Così è cambiato l’atteggiamento verso i siriani, ed è esplosa la crisi di queste settimane: sono le autorità turche molto probabilmente a liberare l’uscita dai campi e a dirottare questa marea umana verso la Grecia e i Balcani, puntando sul cuore di quell’Europa che dormito tragicamente in questi anni.

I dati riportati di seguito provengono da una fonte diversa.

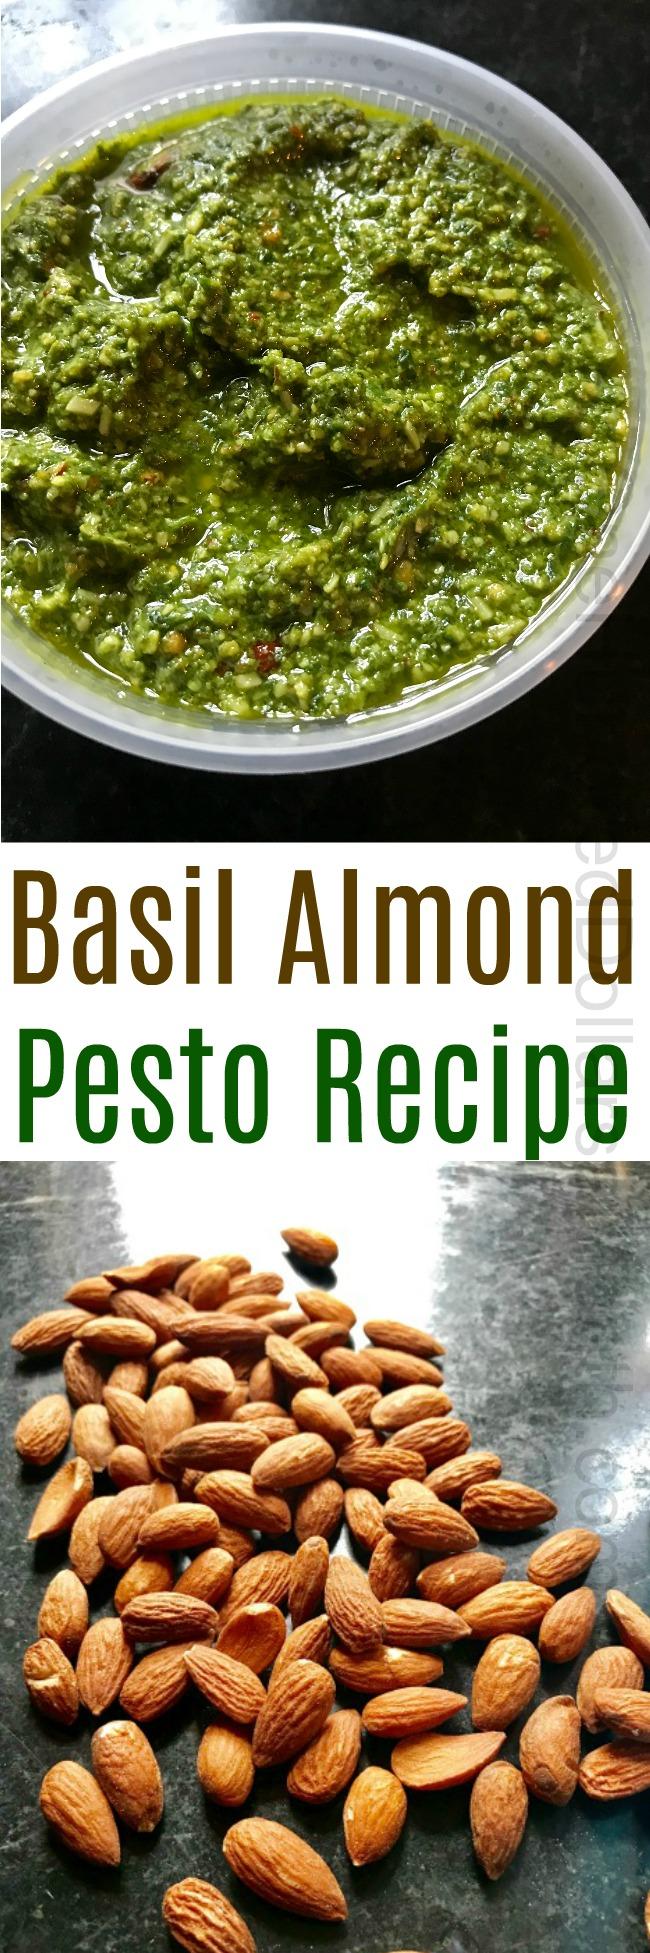 Basil Almond Pesto Recipe

Purtroppo questa è esattamente la storia del bimbo-simbolo di questa crisi: Aylan Kurdi, i cui particolari sono giorno dopo giorno emersi sui media internazionali. Il cognome di Aylan (e dell’unico sopravvisuto, il padre Abdullah) non era Kurdi, ma «Shenu». Quel nuovo cognome era stato affibbiato dall’anagrafe di Erdogan, perchè la famiglia da tre anni era in Turchia. Lì lavoravano, e faticavano a mantenersi, tanto da avere provato qualche mese a rientrare nella natia Kobane. Tornati in Turchia, hanno passato gli ultimi mesi aiutati solo dalla zia, che pagava l’affitto di casa e alla fine ha inviato l’assegno per spesare la fuga verso la Grecia e poi il Canada in cui ha perso la vita quasi tutta la famiglia.